По ту сторону зеленой изгороди стоял человек; ростом он был не ниже старика, годами не моложе его, волосом так же сед, только, пожалуй, рубище у него было еще более жалким. Почти двойник.
Подпирался он длинной палкой.
— Я вас спрашиваю, куда вы идете? — продолжал незнакомец.
— Скажите прежде, где я нахожусь, — ответил старик спокойно, почти высокомерно.
Незнакомец ответил:
— Находитесь вы в сеньории Танис, я здешний нищий, а вы здешний сеньор.
— Я?
— Да, вы маркиз де Лантенак.
Маркиз де Лантенак, впредь мы так и будем его именовать, сурово вымолвил:
— Что ж! Идите и сообщите обо мне.
Но незнакомец продолжал:
— Мы тут с вами оба дома, вы у себя в замке, а я у себя в лесу.
— Довольно. Идите.
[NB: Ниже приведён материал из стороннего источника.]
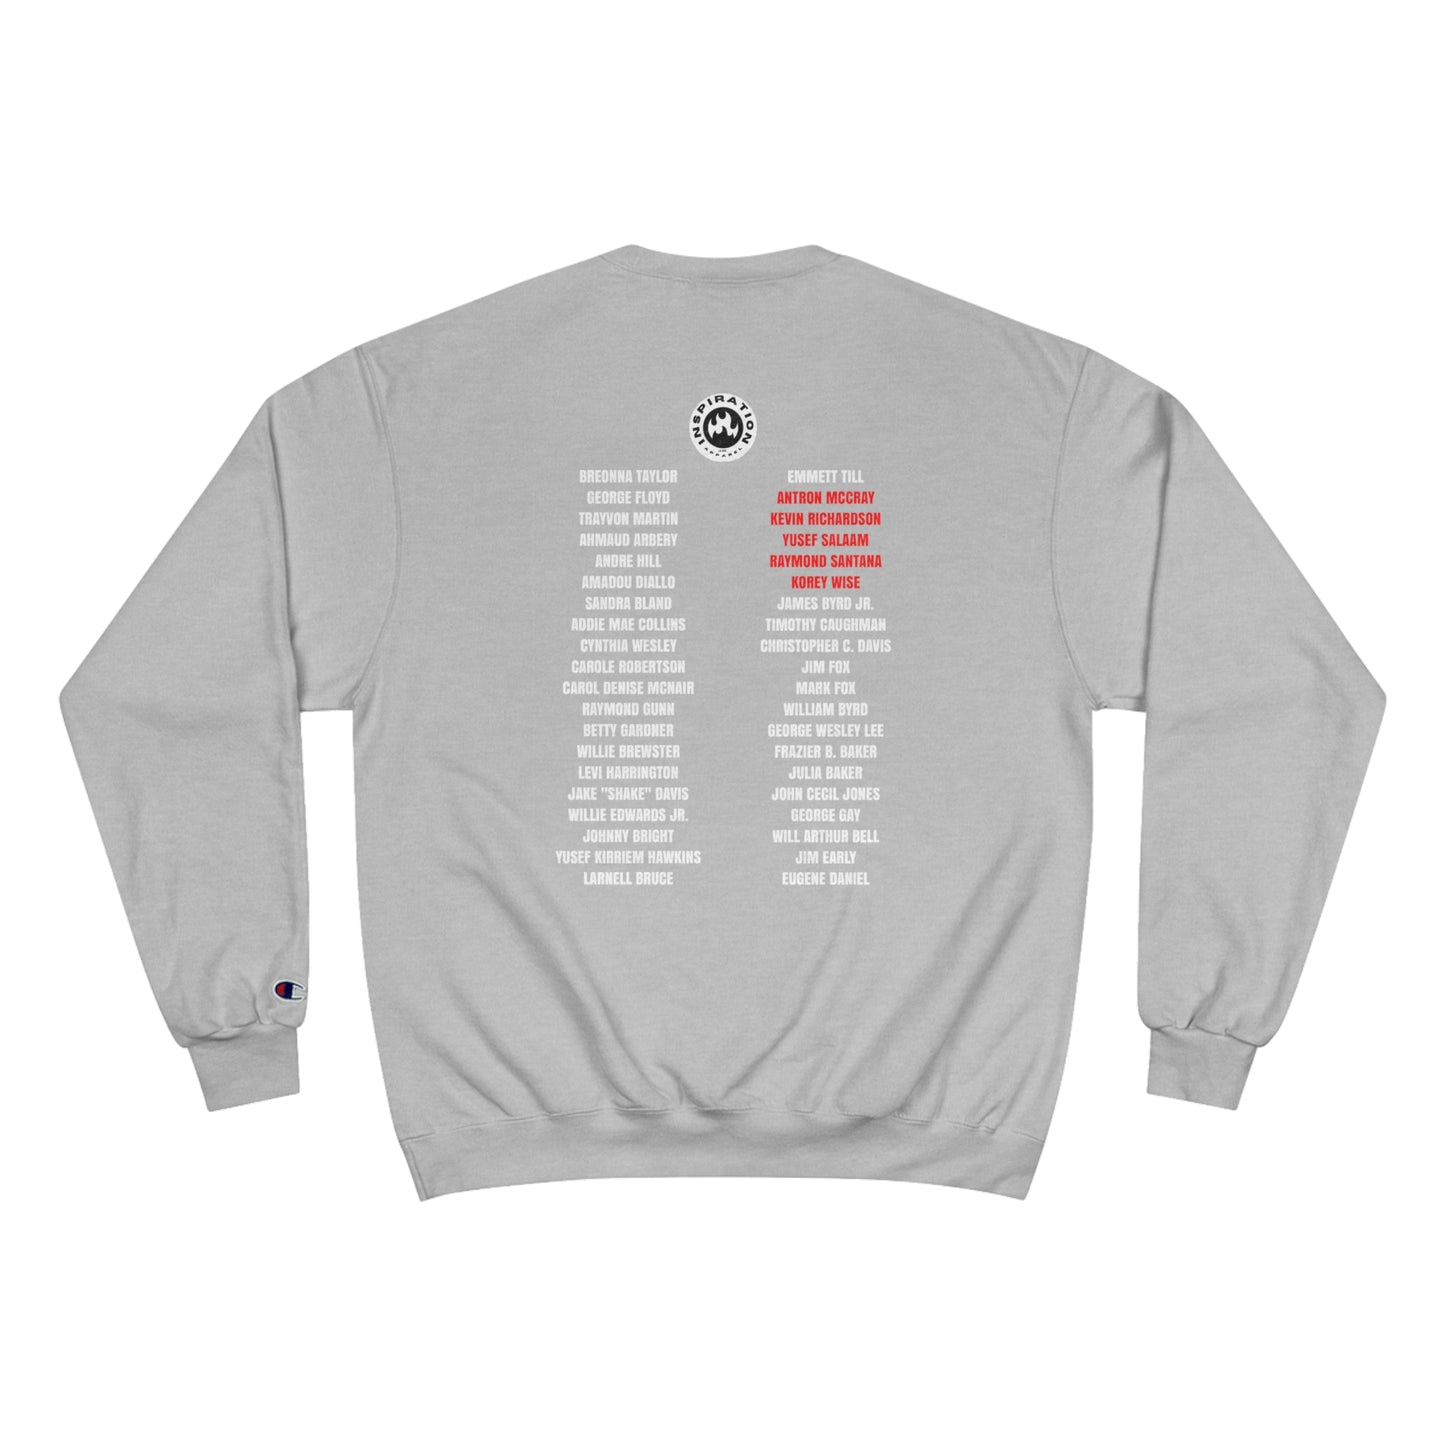 The Remember Series-The Central Park 5-Champion Sweatshirt
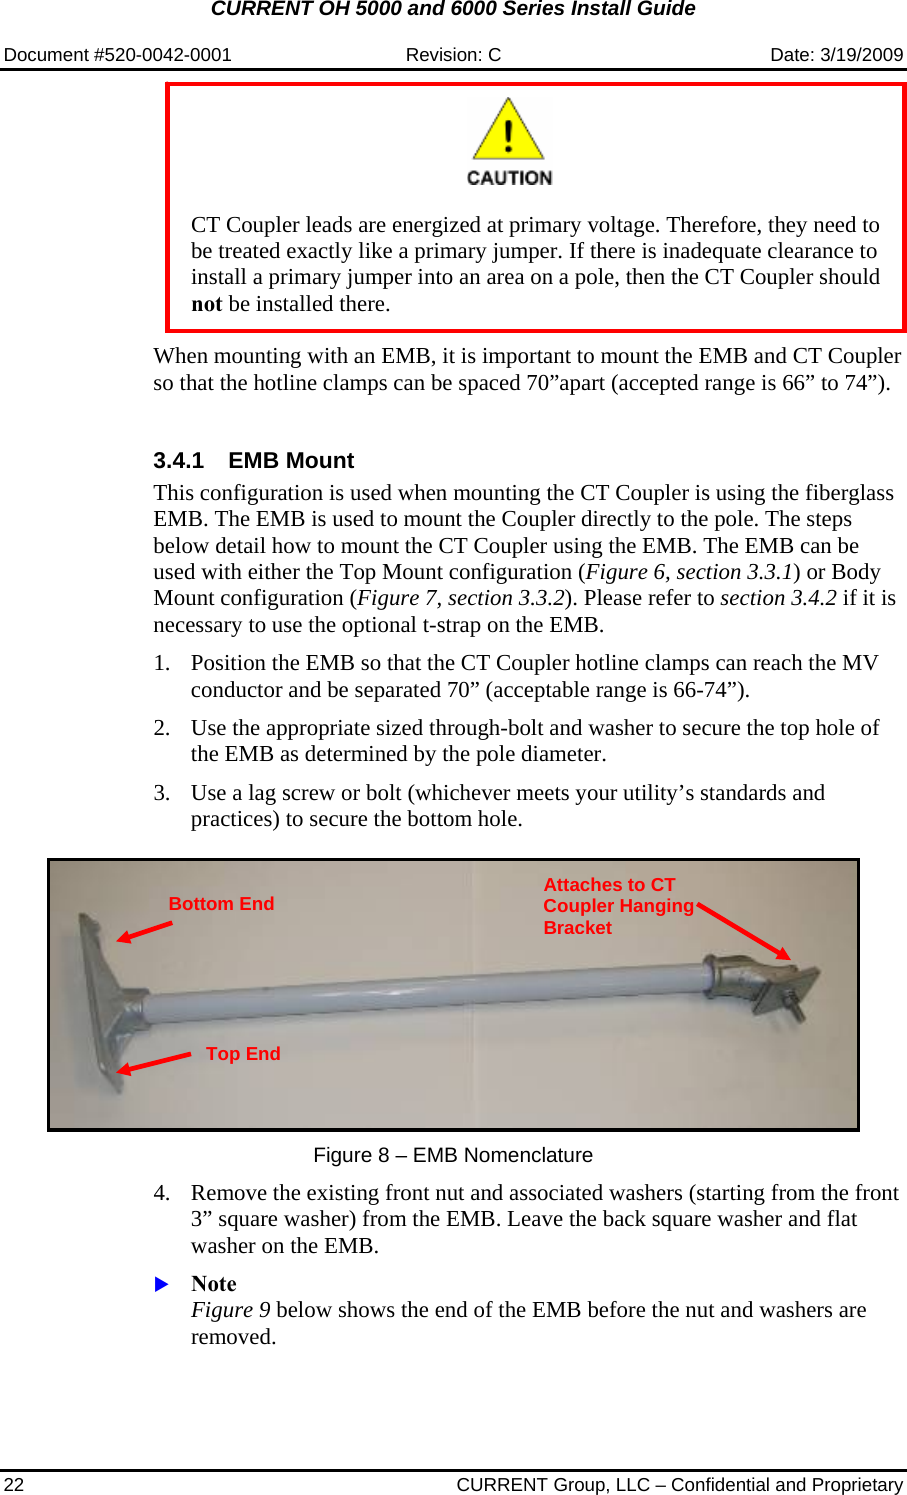 CURRENT OH 5000 and 6000 Series Install Guide  Document #520-0042-0001  Revision: C  Date: 3/19/2009 22  CURRENT Group, LLC – Confidential and Proprietary    CT Coupler leads are energized at primary voltage. Therefore, they need to be treated exactly like a primary jumper. If there is inadequate clearance to install a primary jumper into an area on a pole, then the CT Coupler should not be installed there.  When mounting with an EMB, it is important to mount the EMB and CT Coupler so that the hotline clamps can be spaced 70”apart (accepted range is 66” to 74”).  3.4.1 EMB Mount  This configuration is used when mounting the CT Coupler is using the fiberglass EMB. The EMB is used to mount the Coupler directly to the pole. The steps below detail how to mount the CT Coupler using the EMB. The EMB can be used with either the Top Mount configuration (Figure 6, section 3.3.1) or Body Mount configuration (Figure 7, section 3.3.2). Please refer to section 3.4.2 if it is necessary to use the optional t-strap on the EMB.  1. Position the EMB so that the CT Coupler hotline clamps can reach the MV conductor and be separated 70” (acceptable range is 66-74”).  2. Use the appropriate sized through-bolt and washer to secure the top hole of the EMB as determined by the pole diameter.  3. Use a lag screw or bolt (whichever meets your utility’s standards and practices) to secure the bottom hole.       Figure 8 – EMB Nomenclature  4. Remove the existing front nut and associated washers (starting from the front 3” square washer) from the EMB. Leave the back square washer and flat washer on the EMB.  X Note Figure 9 below shows the end of the EMB before the nut and washers are removed.  Top End Bottom End Attaches to CT Coupler Hanging Bracket

Сообщите обо мне, — повторил маркиз.
Незнакомец спросил:
— Вы, я вижу, держите путь на ферму Соломинка. Так?
— Да.
— Не советую туда ходить.
— Почему?
— Потому что там синие.
— Сколько дней?
— Уже три дня.
— Жители фермы оказали им сопротивление?
— Какое там! Отперли перед ними все двери.
— Ах так! — сказал маркиз.
Незнакомец показал пальцем в сторону фермы, крыша которой еле виднелась из-за купы деревьев.
— Вот она, крыша, видите, господин маркиз?
— Вижу.
— А видите, что там такое наверху?
— Что-то вьется.
— Да.
— Флаг вьется.
— Трехцветный, — заключил незнакомец.
Еще с вершины дюны маркиз обратил внимание на этот предмет.
— Что это, кажется, в набат бьют?
— Да.
— А что тому причиной?
— Вы, должно быть.
— А почему ничего не слышно?
— Ветер относит.
Незнакомец спросил:
— Объявление видели?
— Видел.
— Вас разыскивают.
Затем, бросив беглый взгляд в сторону фермы, он добавил:
— Там целый полубатальон.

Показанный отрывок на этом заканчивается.